Is it a good time to buy equities and build a portfolio while shares are cheap? I have written two investment blogs so far, I wrote one when I bought Premier Foods for 4p a share, they are over 11p today, so doing well. I also bought Lloyds Banking Group for just under 30p and they are at 34.38p today. I haven’t quite doubled my money but considering I only bought them just over 3 months ago; I think it’s going well so far. If the Western world can sort out it’s problems and the Eurozone crisis is fixed and we can get back normal; these shares could go back to being worth pounds instead of pence! That would be nice! The government owns a chunk of Lloyds too and an even bigger share of Royal Bank of Scotland. If RBS went to a few pounds a share, the government could be in a position where due to the austerity measures they have less money going out and investments worth a huge amount of money. The government owns 84% of RBS and when you consider the bank once had assets of £1.9 trillion and was the world largest bank; you get some idea of the money involved. If the government finds that those shares are worth a few pounds each and it’s 41% investment in Lloyd’s Banking Group is doing well too; they might even cut taxes!

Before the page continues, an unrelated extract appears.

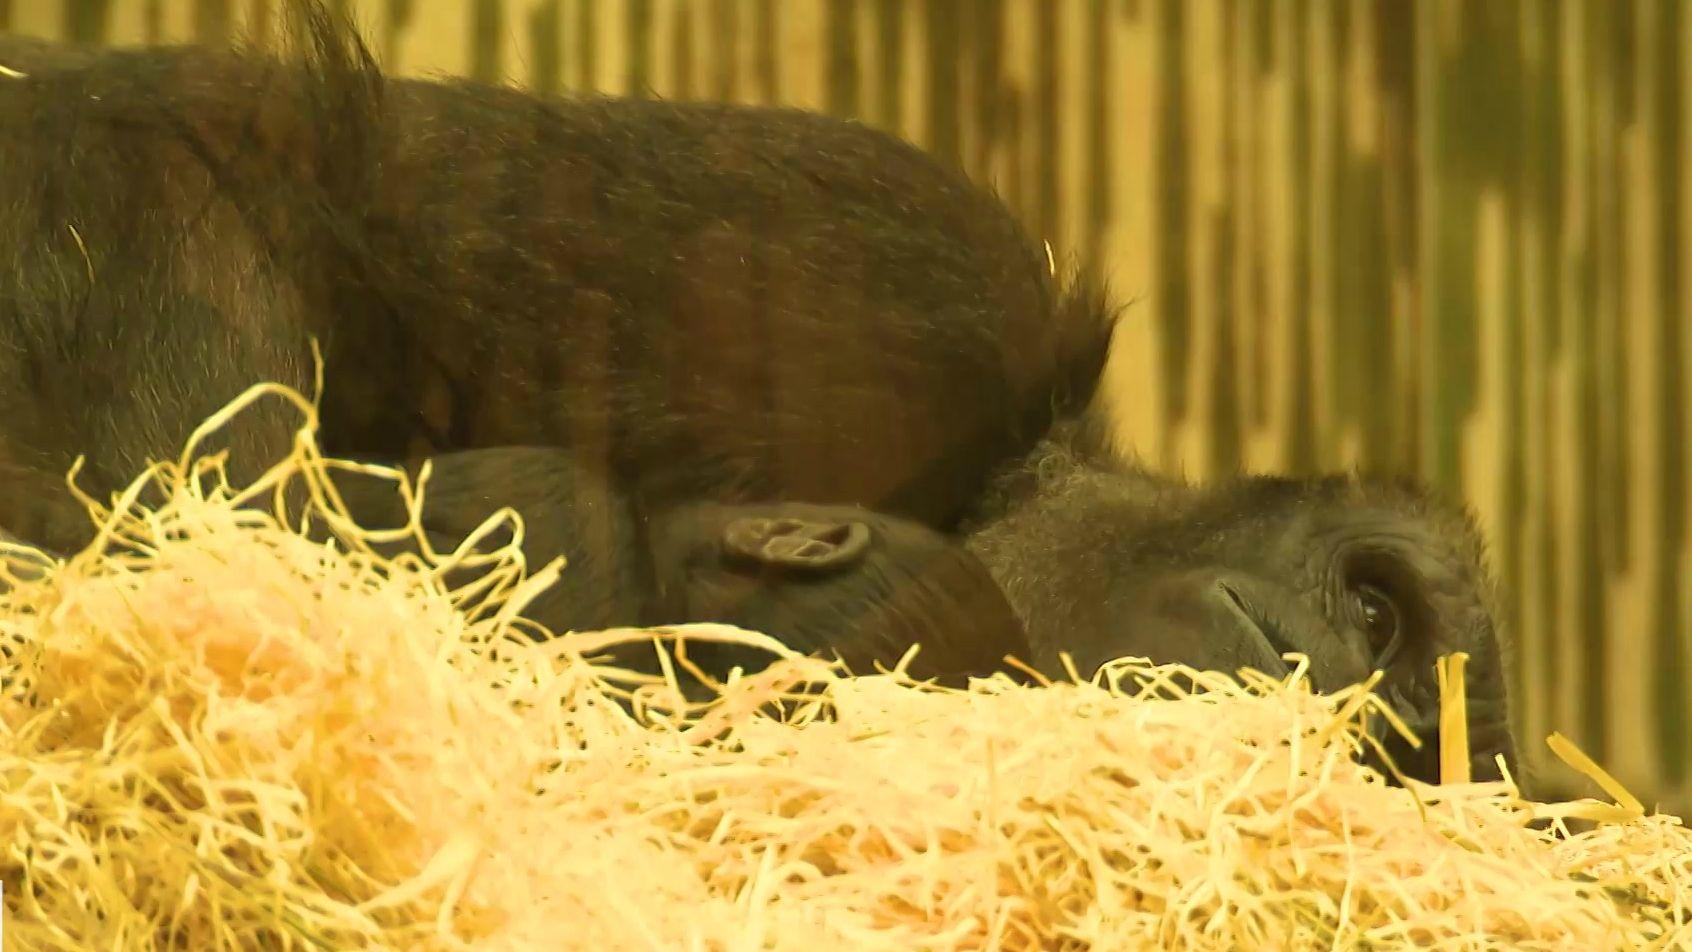 Gorillajunge Kato in liegt im Nürnberger Affengehege in den Armen seiner Mutter Habibu

You have to ask yourself what the future holds. The Olympics will be held this year and it’s the Queen’s Diamond Jubilee. How will these events affect the economy and what other events are due? The Olympics could make some travel companies that are struggling now, a better investment. What do you think? Can you think of any companies that might do well this year?
Life is a risk and if you want to become a millionaire you have to take a lot of risks. You don’t win the lottery unless you buy a ticket!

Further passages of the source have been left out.